I need to scrape 10k URLs from this website and some of them are out of service (I think... it's an error that does not return the JSON I'm looking for, so rest-client
returns 500 Internal Server error
in my program)
Error syntax: `exception_with_response': 500 Internal Server Error (RestClient::InternalServerError)
To loop through the URLs, I'm using a range (1..30).each do |id|
. I concatenate the URL with the current iteration of this range.

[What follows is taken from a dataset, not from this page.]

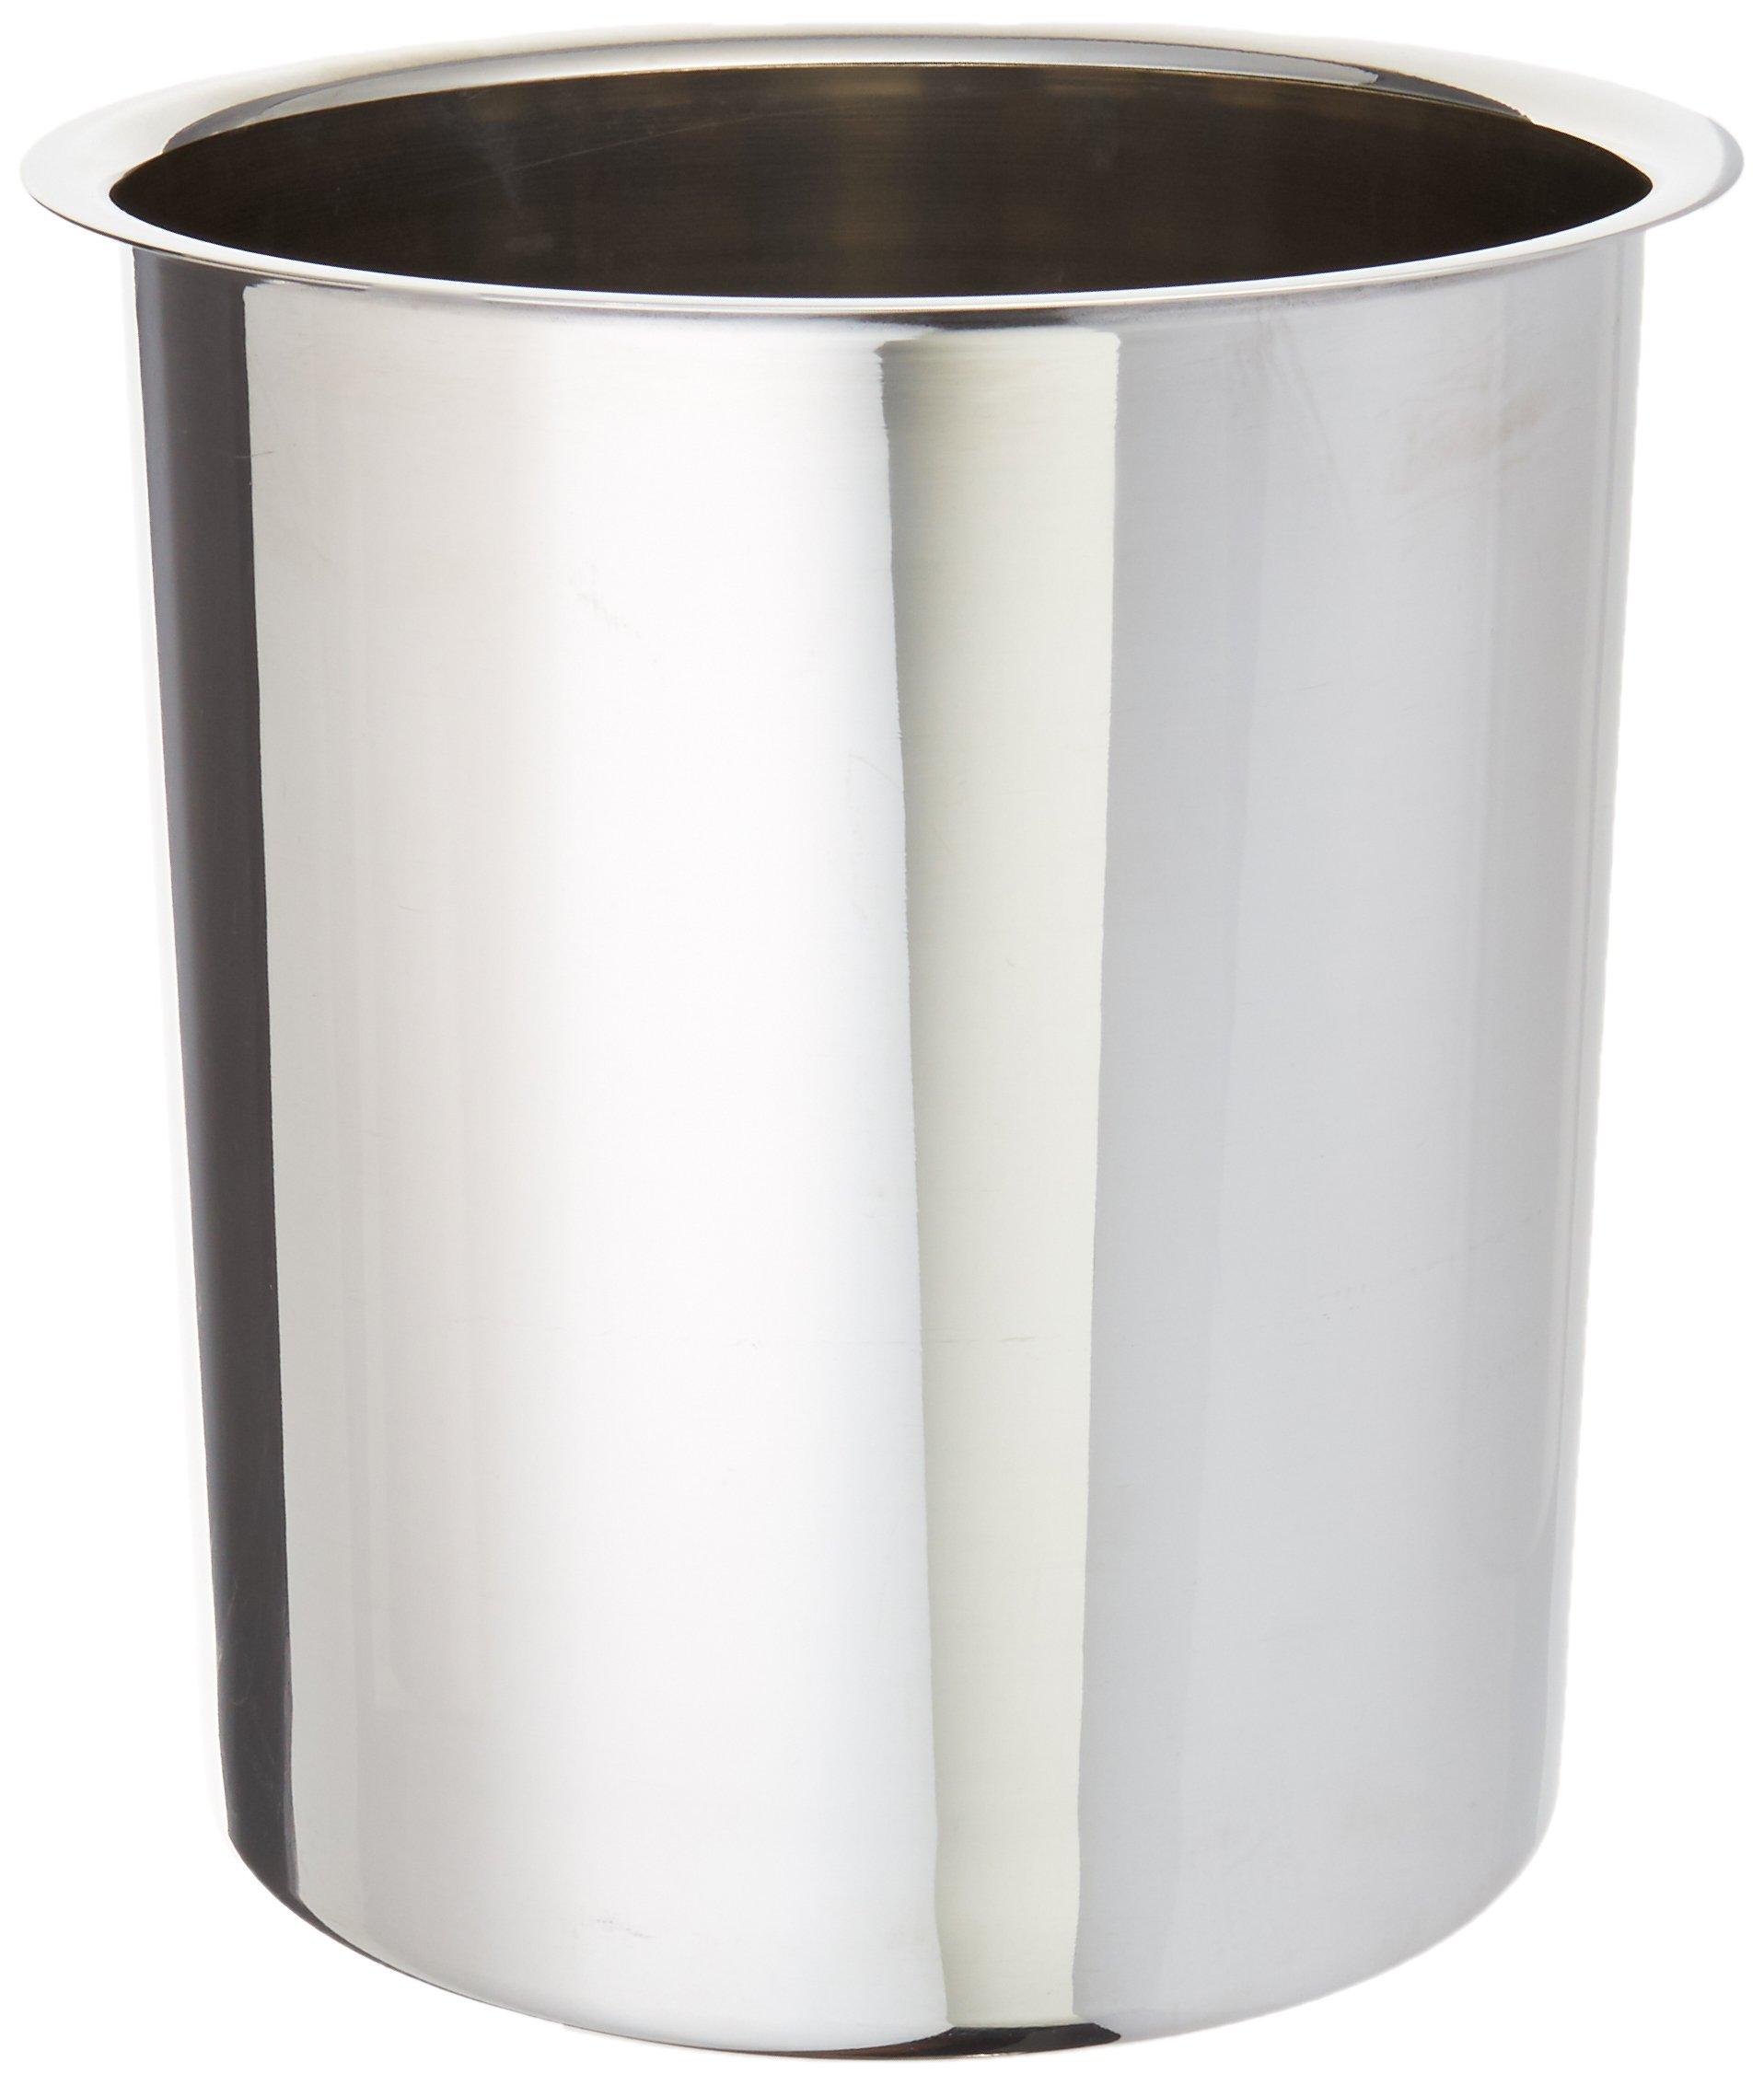 Winco BAM-4.25 Bain Maries, 4.25-Quart

response = RestClient.get(url+id)
The problem is some times the URL I'm storing in the response variable does not exist and/or the webpage returns some error. How could I protect my code so I can just pass through this problematic URL and keep the scraping?
Here's my current code (I put every code of the loop in a begin/rescue block, but I do not know how do write the code to do such thing):
require 'nokogiri'
require 'csv'
require 'rest-client'
require 'json'
link = "https://webfec.org.br/Utils/GetCentrobyId?cod="
CSV.open('data2.csv', 'ab') do |csv|
csv << ['Name', 'Street', 'Info', 'E-mail', 'Site']
(1..30).each do |id|
begin
response = RestClient.get(link+id.to_s)
json = JSON.parse(response)
html = json["Data"]
doc = Nokogiri::HTML.parse(html)
name = doc.xpath("/html/body/table/tbody/tr[1]").text
street = doc.xpath("/html/body/table/tbody/tr[2]").text.gsub(Regexp.union(REMOVER), " ")
info = doc.xpath("/html/body/table/tbody/tr[3]").text.gsub(Regexp.union(REMOVER), " ")
email = doc.xpath("/html/body/table/tbody/tr[4]").text.gsub(Regexp.union(REMOVER), " ")
site = doc.xpath("/html/body/table/tbody/tr[5]").text.gsub(Regexp.union(REMOVER), " ")
csv << [name, street, info, email, site]
rescue
end
end
end
You can see I put everything in the loop inside a begin
block and there is the rescue
block at the end but I'm kind lost on how do to such thing.